Um... War on Children?
War is hell. And hell is for children. So yes, war on children.
The irony is that Lenore actually looks worried.
Parents comb through their kids' Halloween candy so they can steal the good stuff, not because they think there are needles in it. Duh!
Speaking of which, the five year old still has candy left thanks to parental rationing. Think I'm going to have a mini Babe Ruth tonight after dinner.
Just like how rationing works when the government does it.
Not really. I don't just take it and say fuck you. I ask. And being the sharing sort, the kid always says yes.
It's funny, my son never shares with my wife but always shares with me. It's probably because she just takes stuff from him while I either ask or he volunteers.
I just take it and when they ask I tell them it is a tax.
Just wait until they impose their own taxes on friends and siblings based on your example. Then you can then tax them for that behavior.
Just like formalizing and enforcing quid pro quo; It's the lesson that keeps on giving.
I'm all out. I had to buy a twix yesterday.

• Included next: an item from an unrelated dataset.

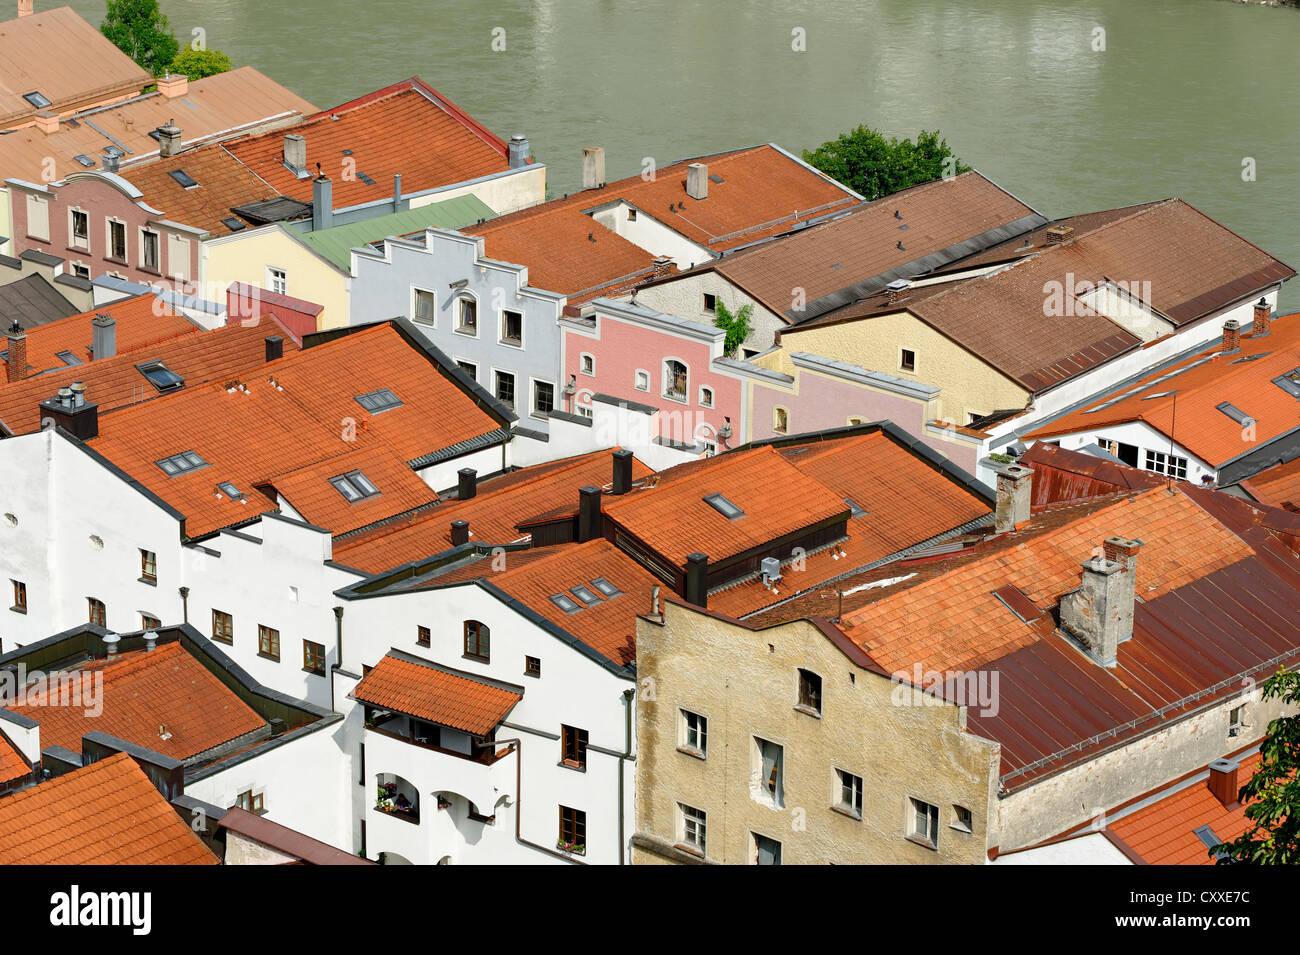 Houses in the Grueben lane with the Salzach river, Burghausen, Upper Bavaria, Bavaria - Stock Image

I'm not sure I even believe that "two children found needles in their candy in Canada". The article is pretty damn sketchy with details.

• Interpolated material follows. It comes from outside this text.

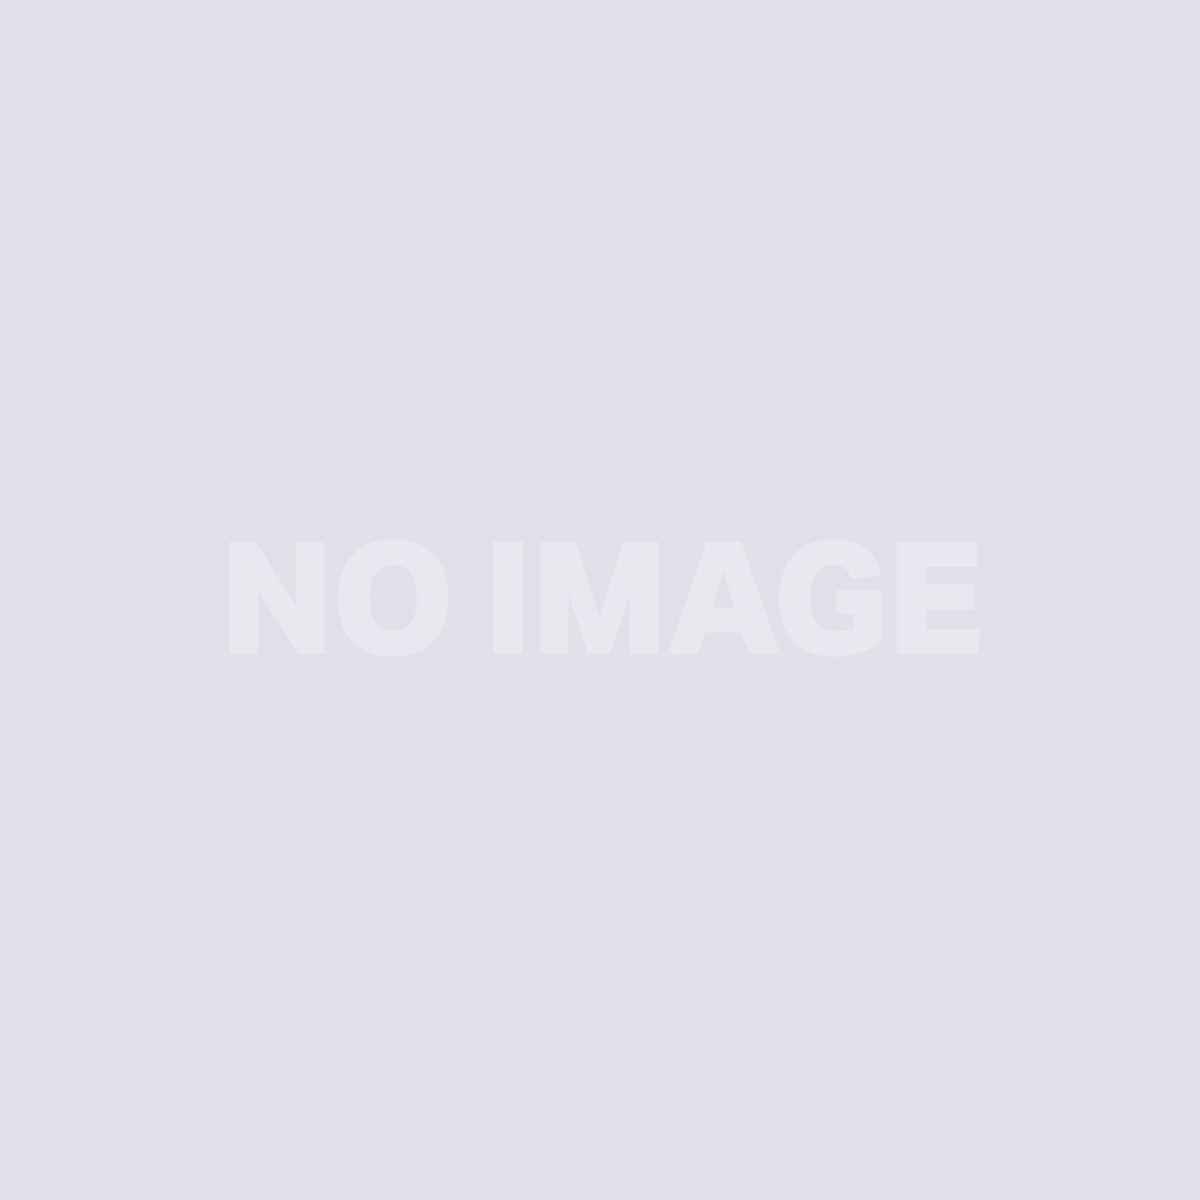 150/42 Nylon Swivel Castor with Ball Bearings

It does have a "my neighbor's grandmother's best friend knows someone who heard about this" feel to it.
It happened to my girlfriend.
It's bullshit. Canada?! Come on, at least come up with a name that sounds real.
Notice on this and the one from Colorado the day after Halloween, they use file photos. No actual evidence, but hey, SCARY!!!!! That'll get the clicks. At least in the Colorado one they used a picture of a needle ("what a needle may look like").
Barron von Reesespieces by Proxy.
Some people's live just aren't complete without LOOK AT ME drama.
A better breakdown of the odds are that somewhere around 50 million children in the US and another 5 million in Canada and only 2 of them found any laced candy making your odds somewhere around 1 in 25 million. And that assumes that both cases are legitimate and not hoaxes
Better to do the Bayesian analysis where the prior distribution of finding kids dead with a razor in their throat (or PCP oozing from their pores, HIV+ needle sticking out of their face, w/e) and a half-eaten candy bar in hand is zero.
Anybody live near Towamencin,PA? It was reported a 13 yr. old found a razor blade under the wrapping of a "fun size candy bar." Never heard any follow-up? Did the kid hoax us or was it a real sicko?
And here we have both the source and the target audience for this bullshit:
Beverley Bell ? Top Commenter ? Sir John A. Macdonald, Ottawa
This has always been a problem, even back when I was little, we had to inspect our treats very carefully. razor blades were the most common problem then.